The numTotal key will specify how many highlighting snippets were found in the document for the query. How many of these are actually contained in the response under the snippets key depends on the value for the hl.snippets parameter, which defaults to 1.

The objects contained under the snippets key are structured like this:

{
  "text": "to those parts, subject to unreasonable claims from the proprietor "
          "of Maryland, until the year 17C2, when the whole controversy was "
          "settled by Charles <em>Mason and Jeremiah Dixon</em>, upon their "
          "return from an observation of the transit of Venus, at the Cape of "
          "Good Hope, where they",
  "score": 5555104.5,
  "pages": [
    { "id": "page_380", "width": 1436, "height": 2427 }
  ],
  "regions": [
    { "ulx": 196, "uly": 1703, "lrx": 1232, "lry": 1968, "pageIdx": 0 }
  ],
  "highlights":[
    [{ "text": "Mason and Jeremiah", "ulx": 675, "uly": 110, "lrx": 1036, "lry": 145,
       "parentRegionIdx": 0},
     { "text": "Dixon,", "ulx": 1, "uly": 167, "lrx": 119, "lry": 204,
       "parentRegionIdx": 0 }]
  ]
}

text contains the plain text of the region containing one or more matches. The matches themselves are wrapped in  tags (this can be customized with the hl.tag.pre and hl.tag.post parameters).
score contains the numerical score (relative to the whole document) that Solr assigned to the snippet
pages contains a list of pages the snippet appears on along with their pixel dimensions. This can be useful for rendering highlights, e.g. if the highlighting target image is scaled down from the source image.
regions contains a list of regions that the snippet is located on. Usually this will contain only one item, but in cases where a phrase spans multiple pages, it will contain a region for every page involved in the match. The object includes coordinates for all four corners it is defined by, as well as the identifier of the page the region is located on.
highlights contains a list of regions that contain the actual matches for the query as well as the text that matched the query and the page the match occurred on. Note that the coordinates are relative to the containing region, not the page (this can be changed with the hl.ocr.absoluteHighlights parameter). To find the corresponding region for a match, use the regionIdx value, which refers to the index in the regions array that the surrounding region is located at.

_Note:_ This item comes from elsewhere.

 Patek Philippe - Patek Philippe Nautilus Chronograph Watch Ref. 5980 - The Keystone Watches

Generation of Snippet Regions

To determine how to build regions from a set of matches, the plugin takes into account the structure of the OCR document surrounding each match. Consider the following page from a document, with two matches on two adjacent lines.

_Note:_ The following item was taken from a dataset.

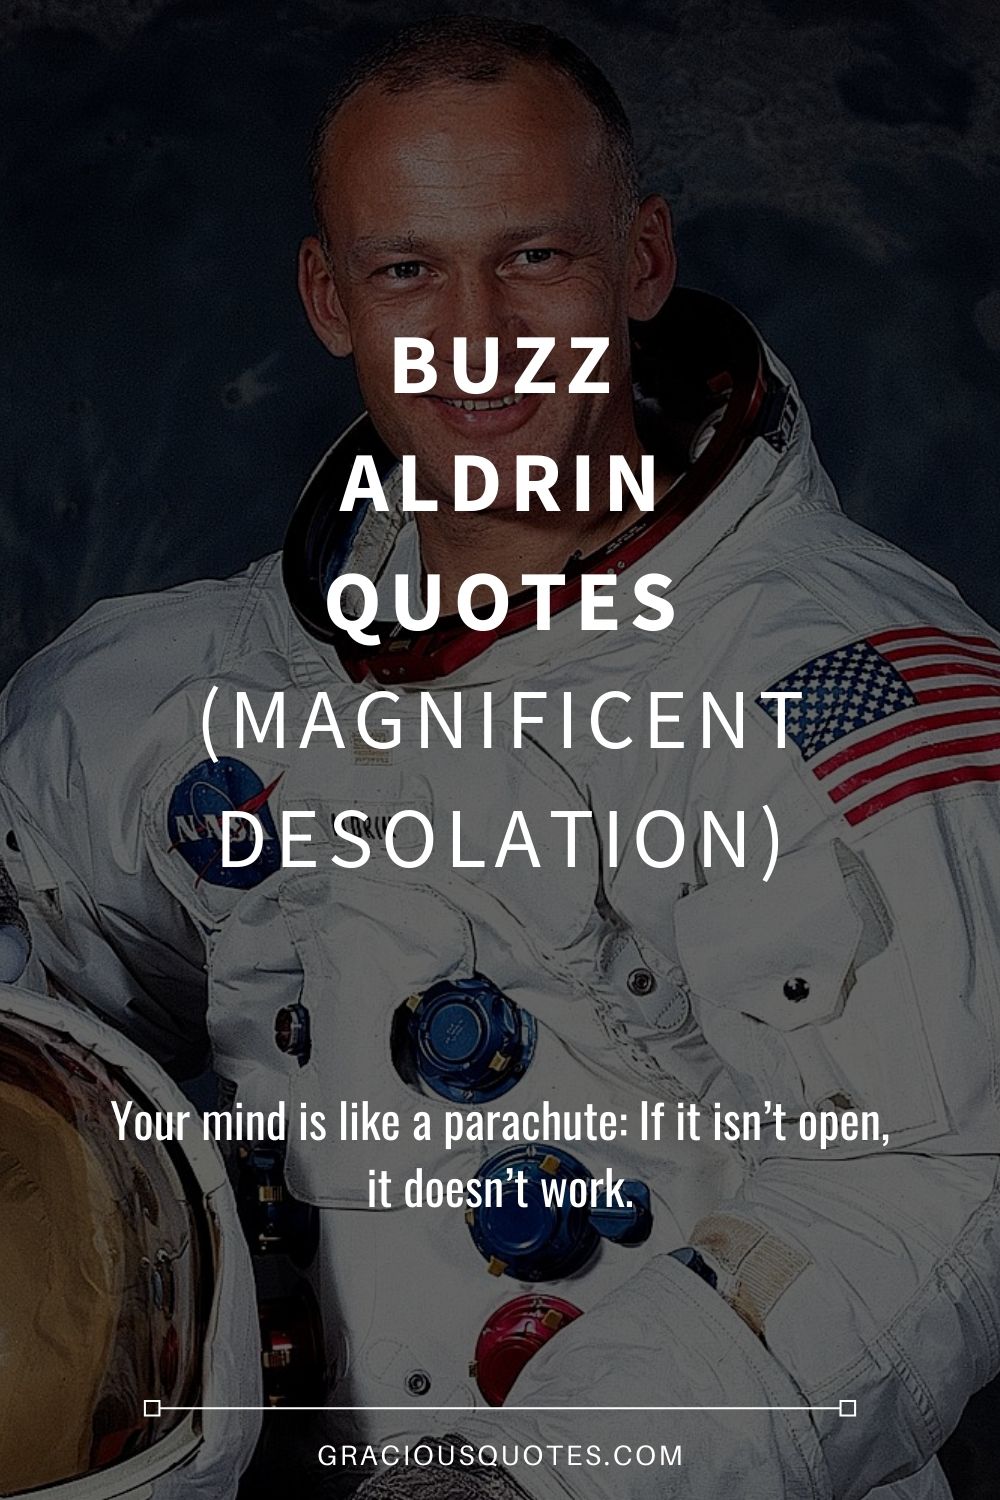 Buzz Aldrin Quotes (MAGNIFICENT DESOLATION) - Gracious Quotes

First, the plugin will determine the context of each match, starting with the first match. For this, it searches for a fixed number of context blocks before and after the block it is in. The type of context block is configured with the hl.ocr.contextBlock parameter and it defaults to line (for a list of all possible block types, refer to the full list of parameters). The number of context blocks to use for the snippet context is set with the hl.ocr.contextSize parameter and defaults to 2. So for our first match, the context will be the two lines above and below the line of the match.

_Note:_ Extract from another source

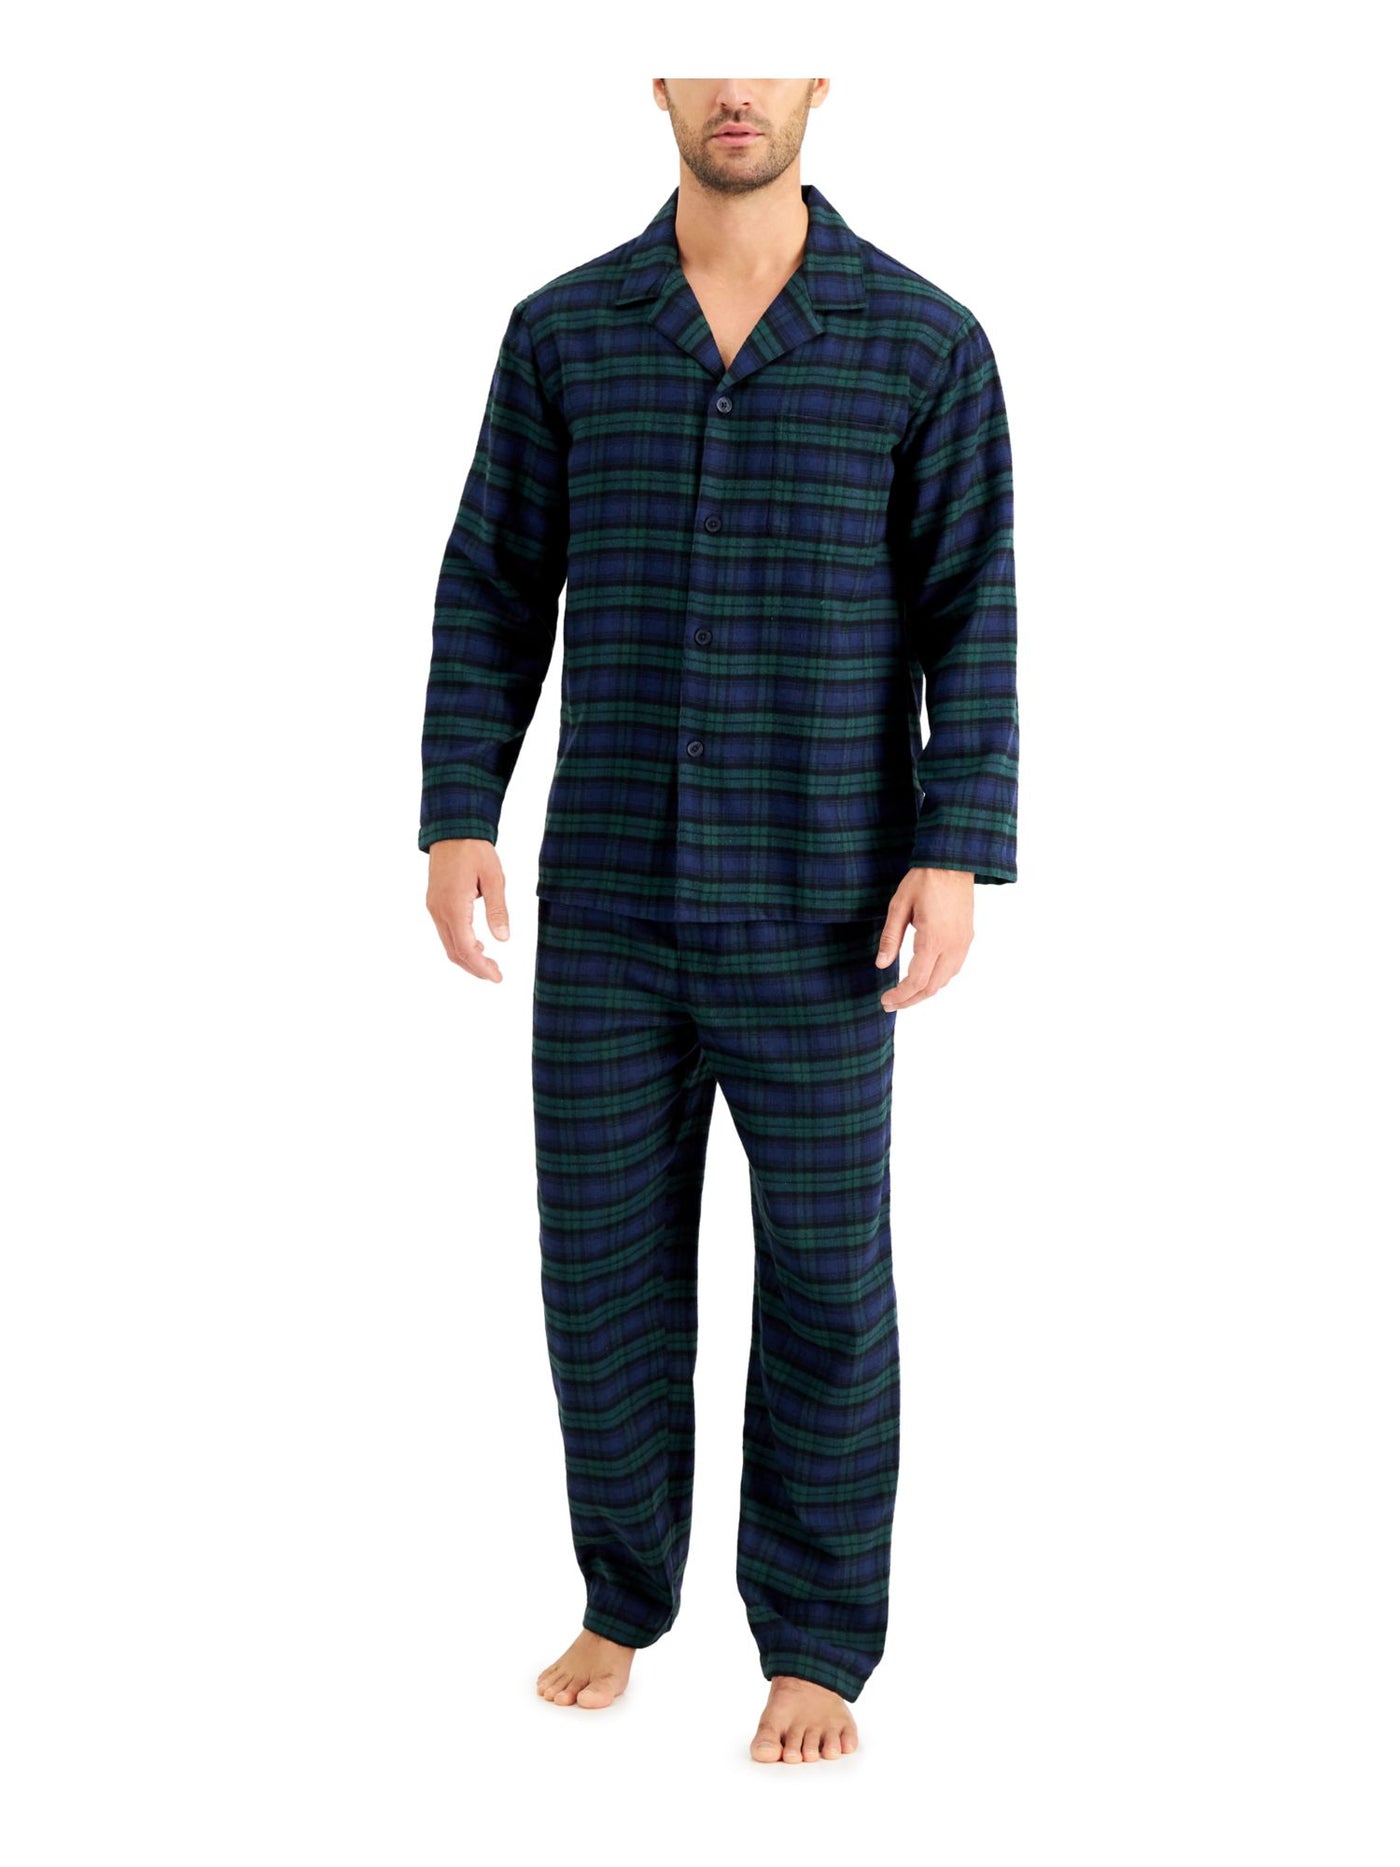 CLUBROOM Mens Green Plaid Drawstring Button Up Top Straight leg Pants Pajamas L

It then proceeds to the next match, which happens to be located on the next line block. If the new match is part of the previous match's context, it will be merged into the previous snippet and the snippet will be updated. In the example, the snippet would grow by two lines (since the context is two line blocks below the last match).

However, the plugin will not expand the context beyond the limits of certain blocks. In our example, we decided that we don't want contexts to cross block elements. This limit block can be configured with the hl.ocr.limitBlock parameter and defaults to block (which is format-dependent, but usually refers to a group of one or more paragraphs ). If, during context building, a block is encountered that is of this type (or an even higher level), the context building will be stopped. In the example, the context of the snippet is only one line below the last match, since this is the last line in the containing block. Note that you will still occasionally get snippets that span multiple blocks, in the case when you searched for a phrase and the phrase match crosses multiple blocks.

Available highlighting parameters

Since the OCR highlighter builds upon Solr's UnifiedHighlighter, you can use most of the Common Highlighter parameters and the Unified Highlighter parameters.

Of special interest for purposes of OCR highlighting are these:

hl: Enable highlighting with on. Required if you want highlighting of any kind. Defaults to off.
hl.snippets: Number of snippets per document to include in the response, defaults to 1.
hl.tag.pre/hl.tag.post: Strings to wrap matches in the plaintext version of the snippet with, defaults to /.
hl.weightMatches: Uses a new and improved highlighting algorithm that is much more precise than the old approach. For example, with this set to true, results for a phrase query "foo bar baz" will actually be highlighted as foo bar baz and not as foo bar baz. Defaults to off in Solr versions < 8.0, on for all versions > 8.0.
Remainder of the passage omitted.